• Supplied information
━━━━━━━━━━

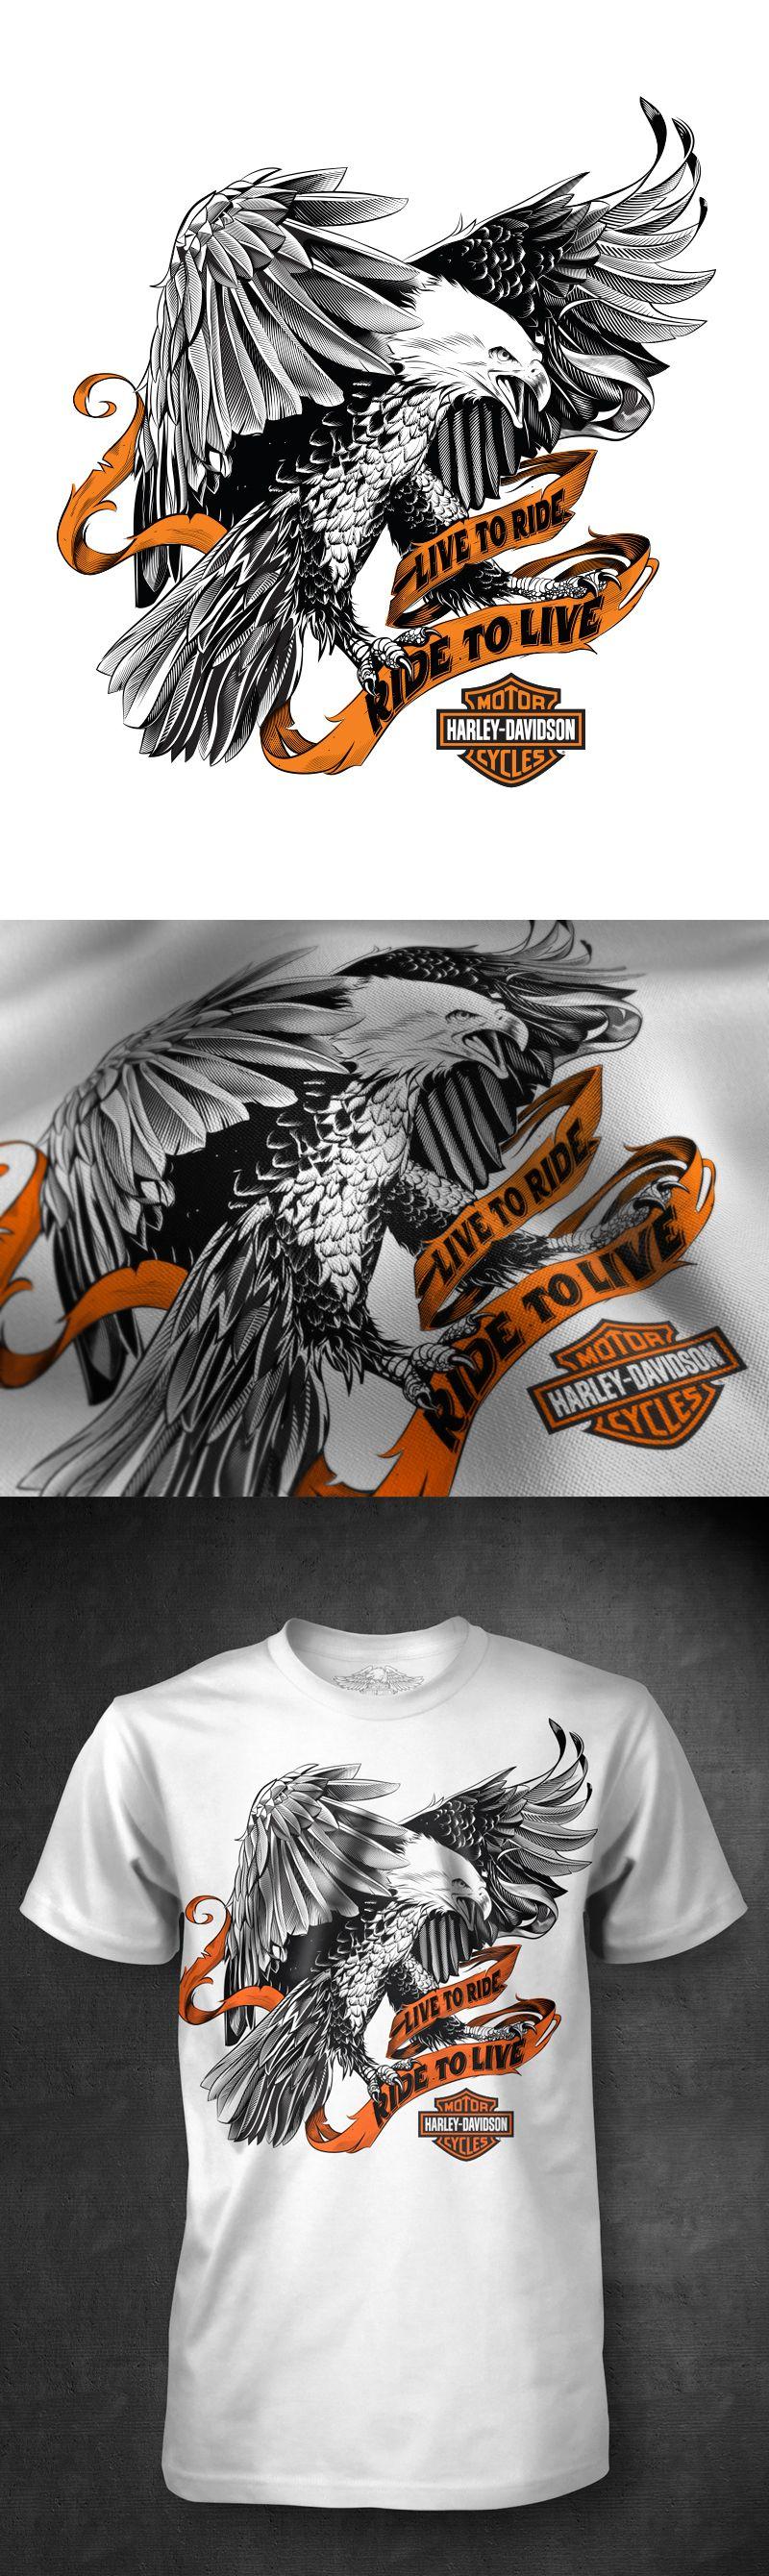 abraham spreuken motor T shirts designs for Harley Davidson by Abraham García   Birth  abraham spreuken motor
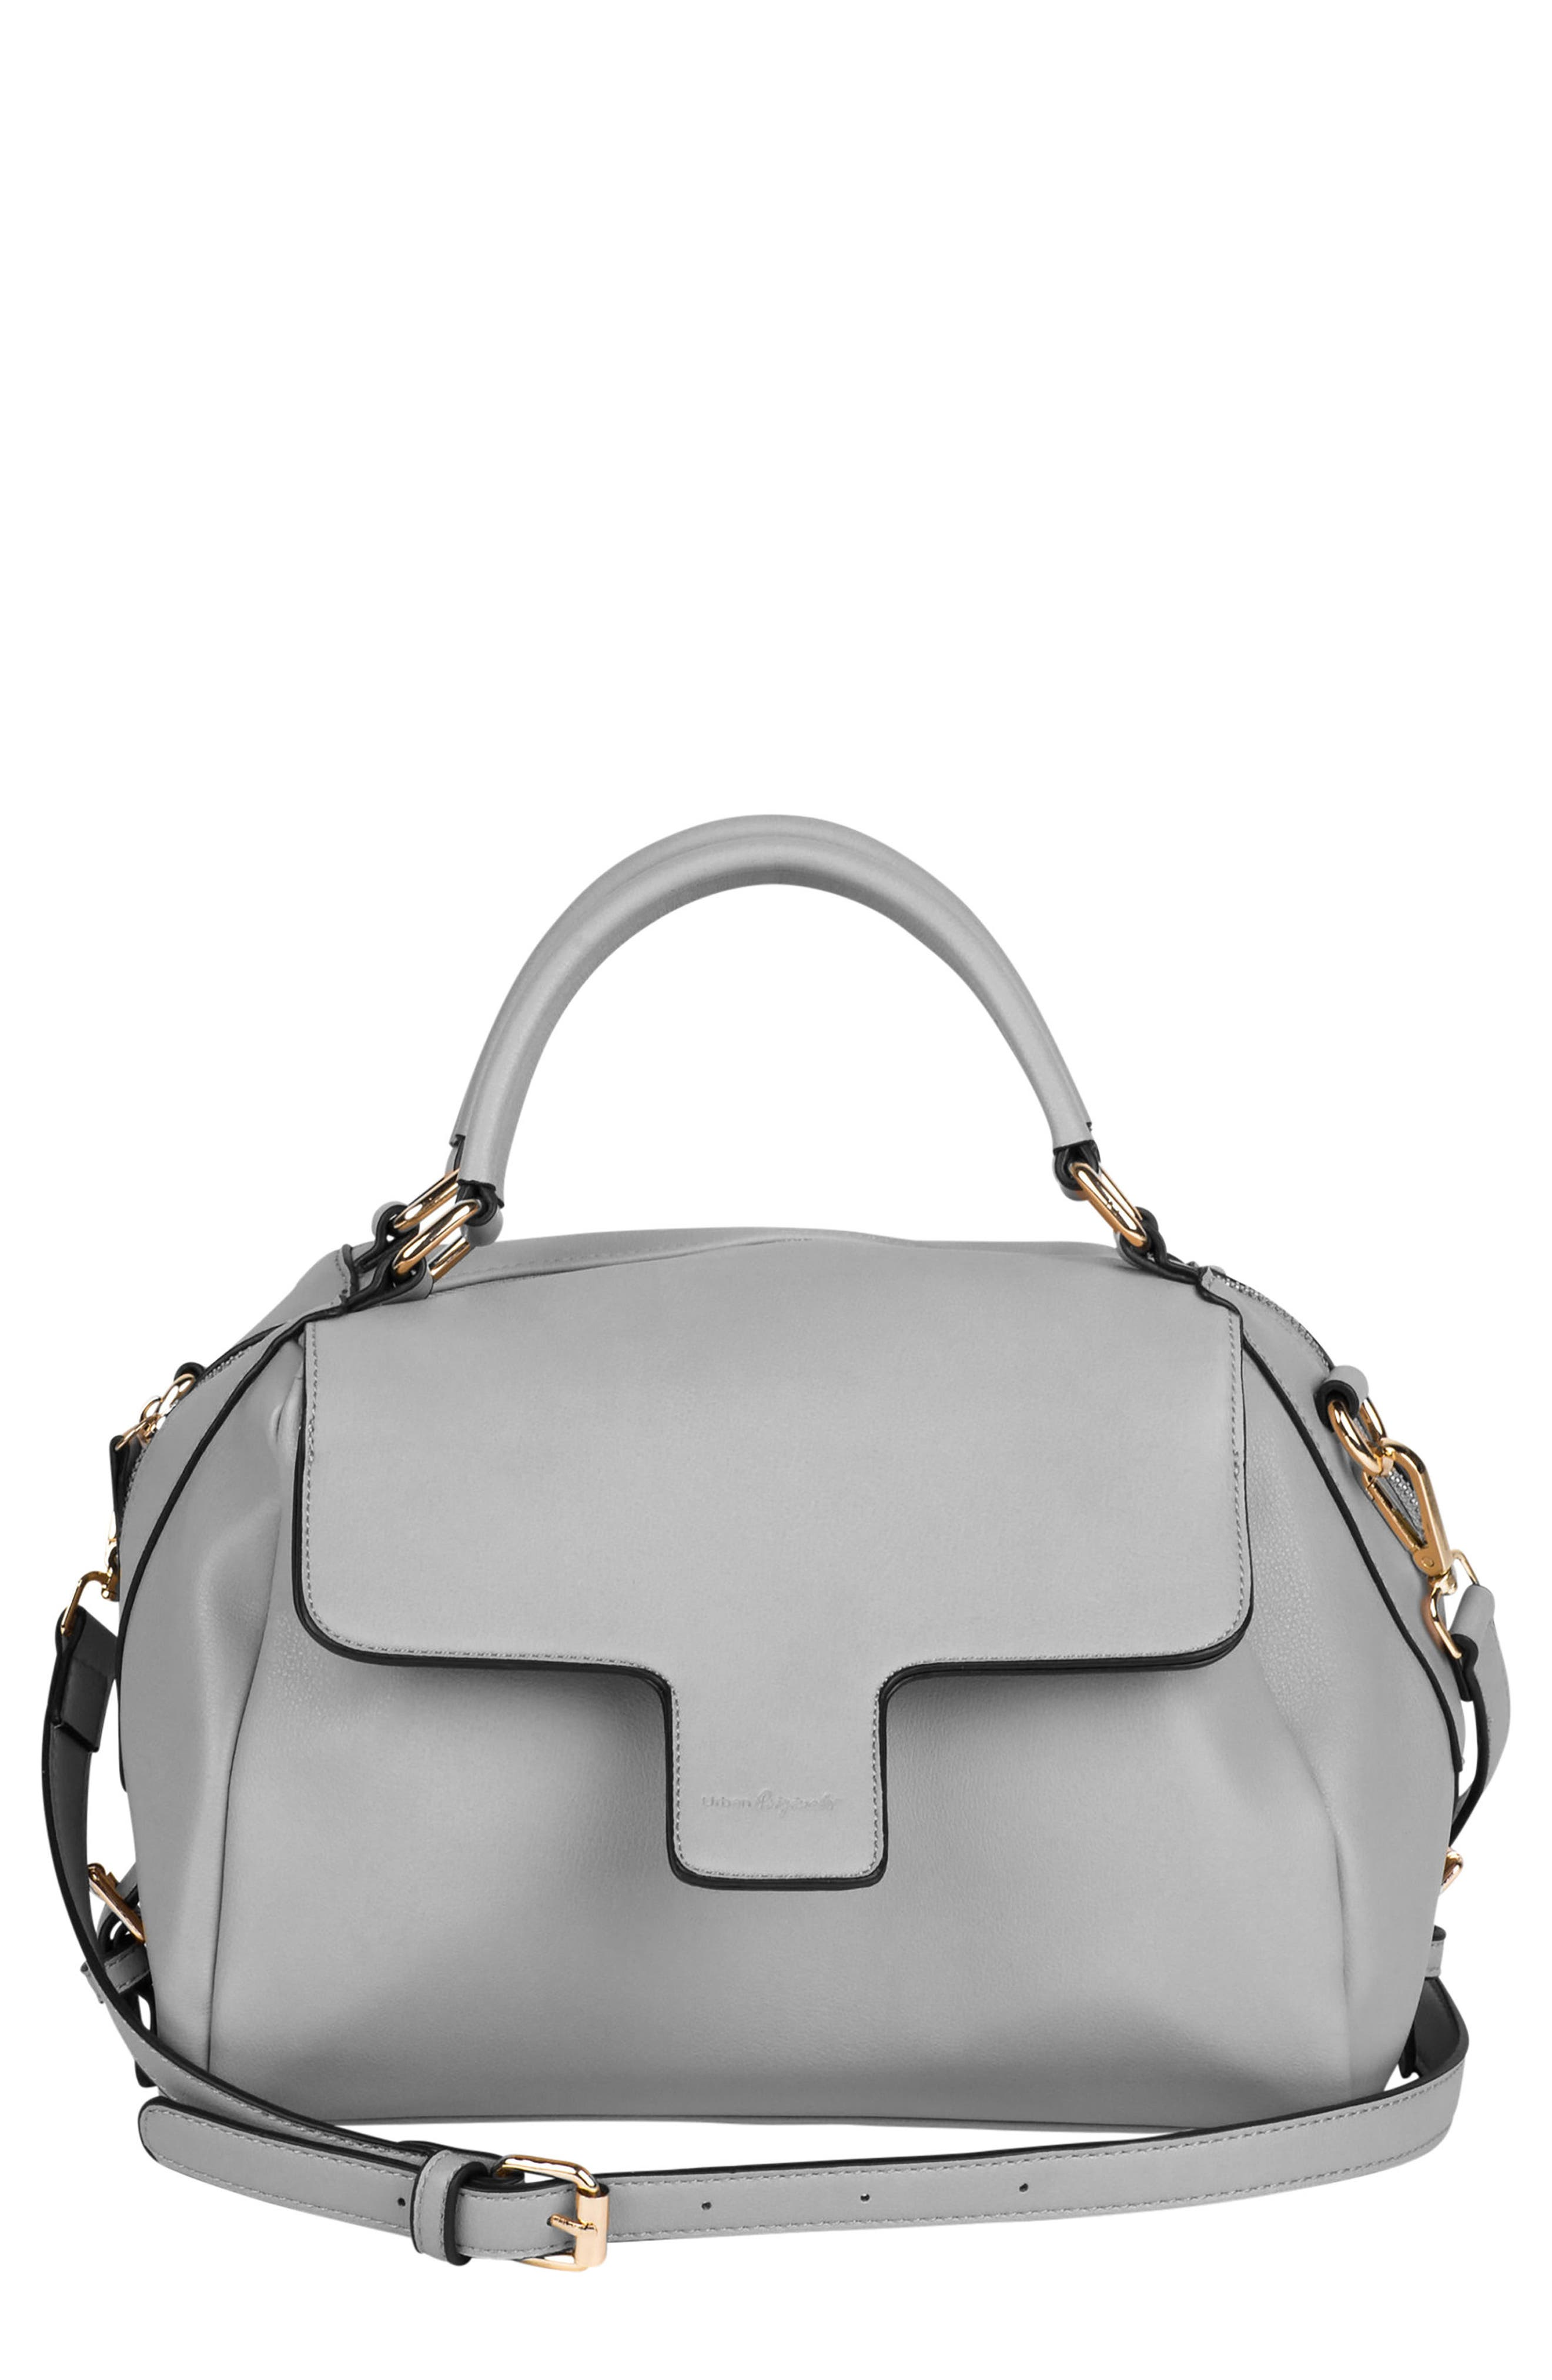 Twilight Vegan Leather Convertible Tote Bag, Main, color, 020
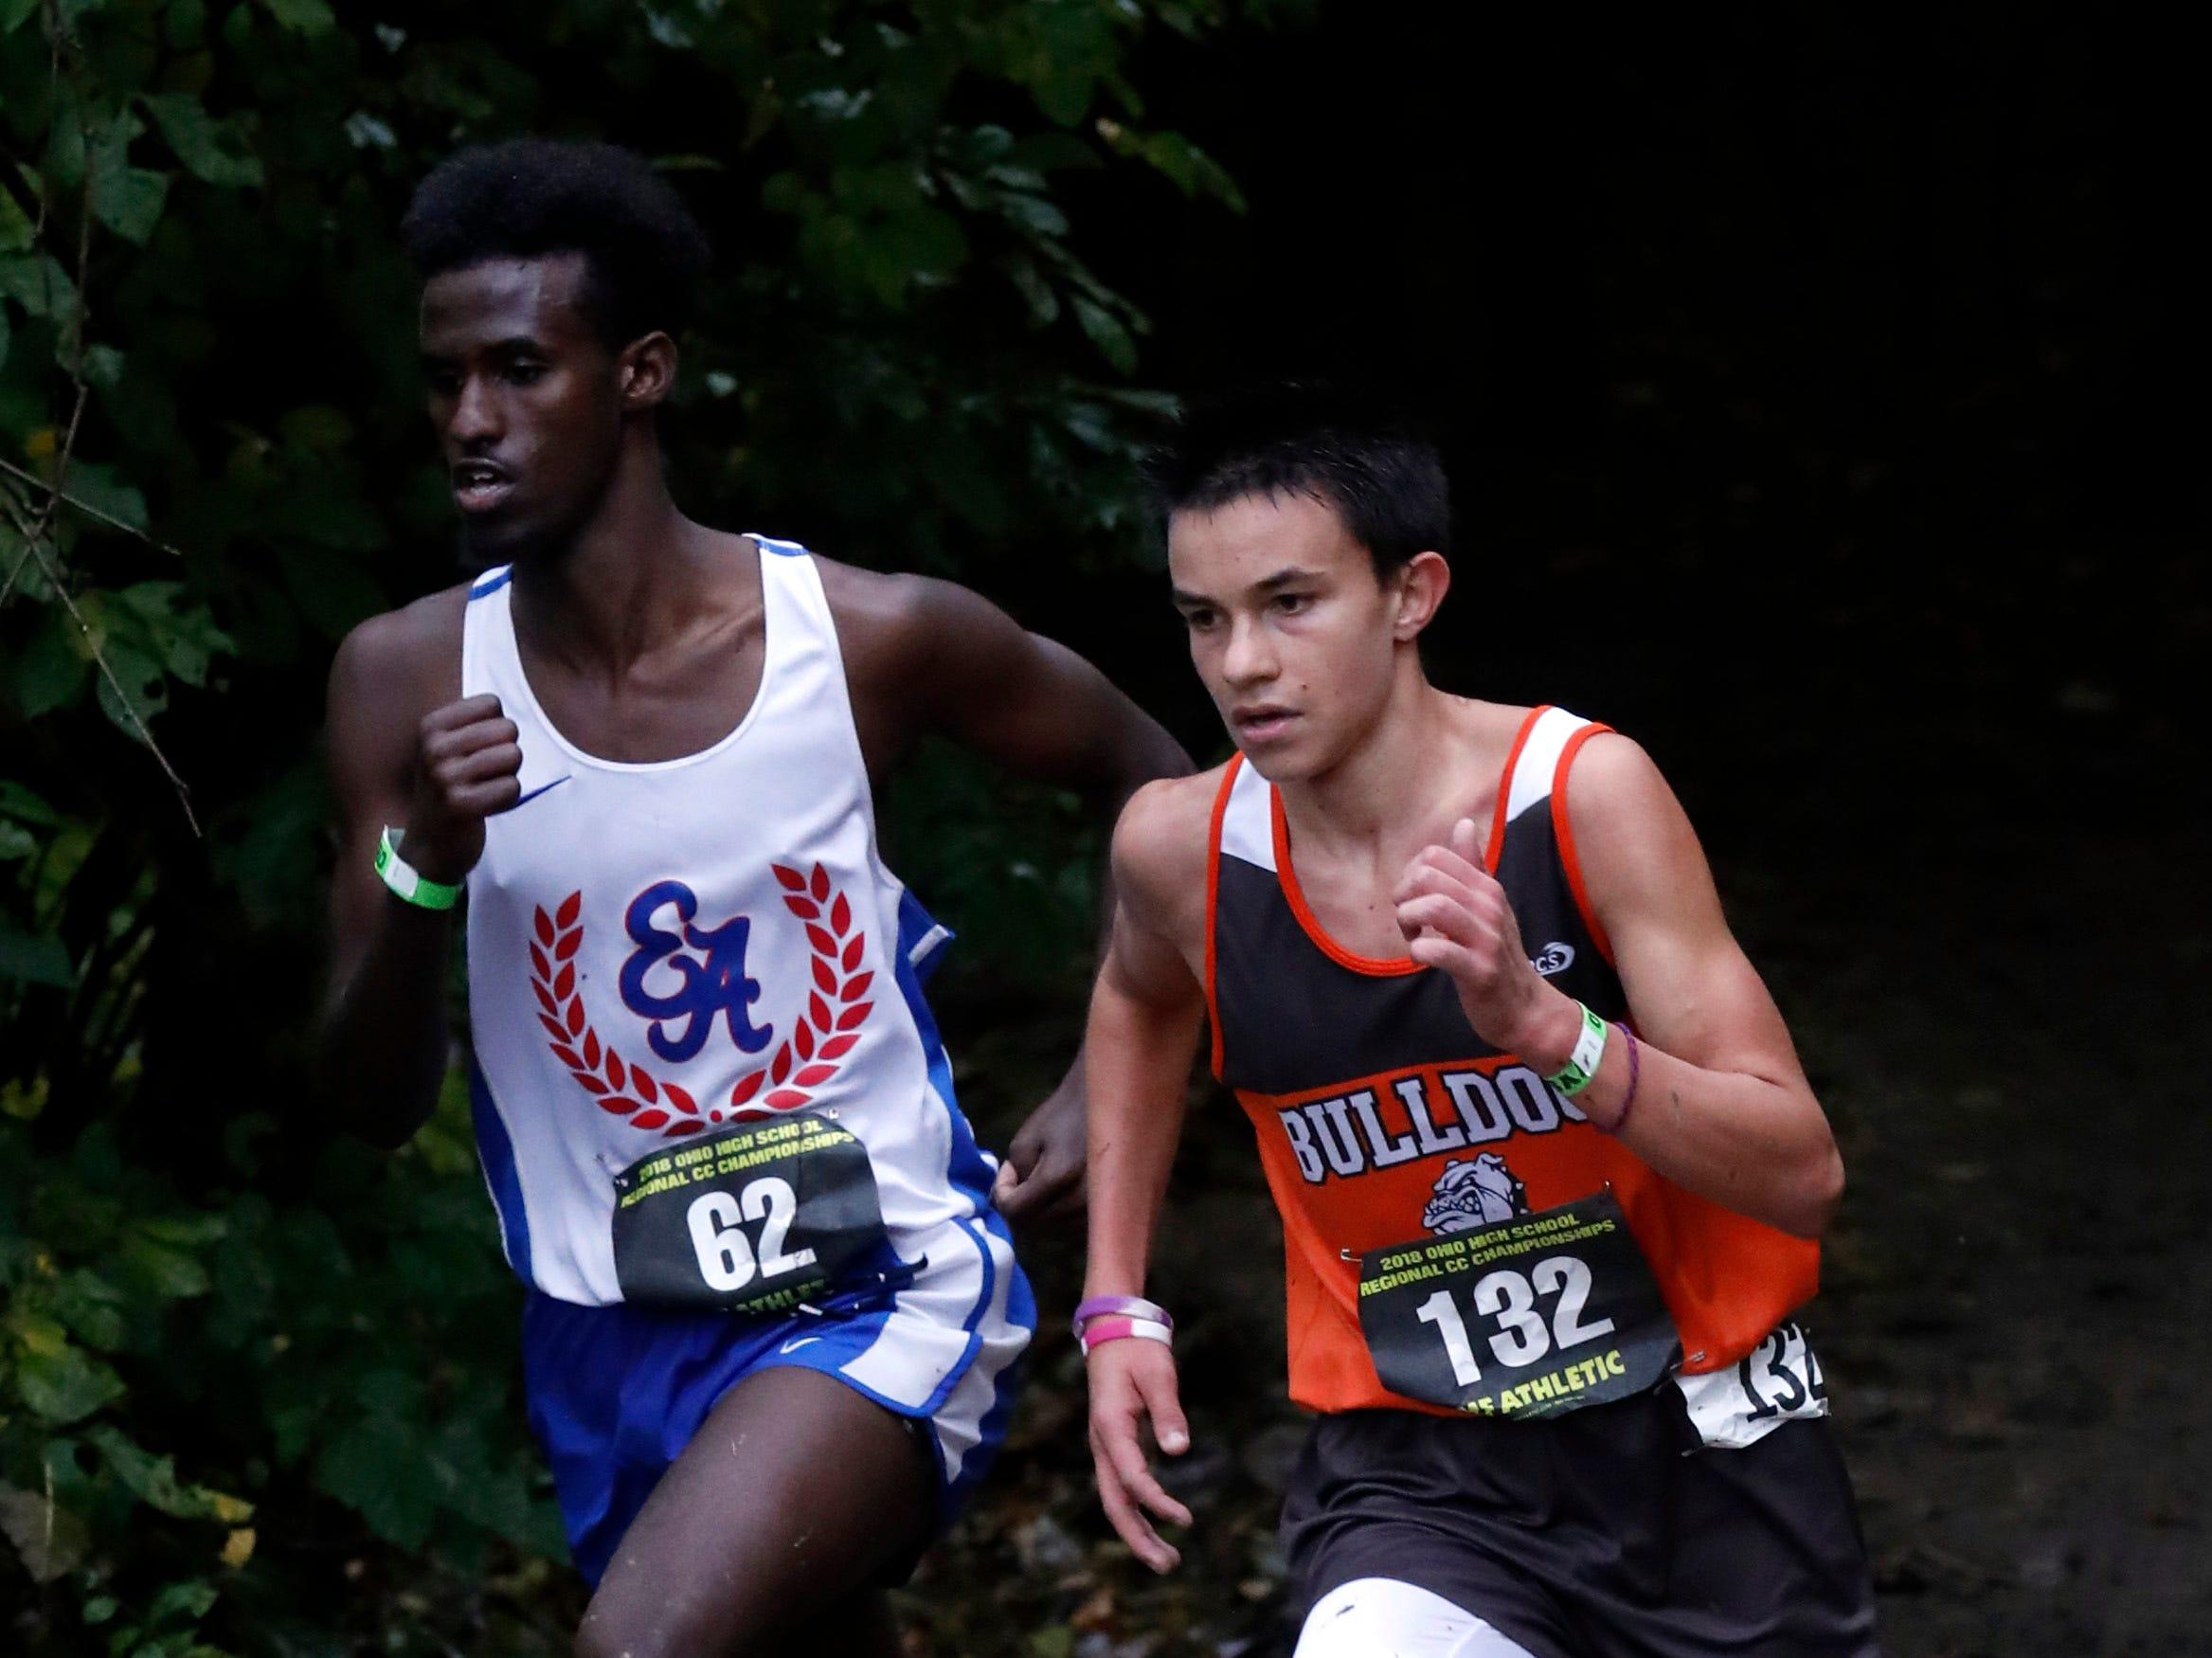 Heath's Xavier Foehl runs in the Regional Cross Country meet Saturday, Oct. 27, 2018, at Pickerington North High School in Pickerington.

━━━━━━━━━━

• What the task asks
Any picture in the material is to be left out, and everything else is to be retyped as is.

• Task output
 abraham spreuken motor T shirts designs for Harley Davidson by Abraham García   Birth  abraham spreuken motor
 Twilight Vegan Leather Convertible Tote Bag, Main, color, 020
 Heath's Xavier Foehl runs in the Regional Cross Country meet Saturday, Oct. 27, 2018, at Pickerington North High School in Pickerington.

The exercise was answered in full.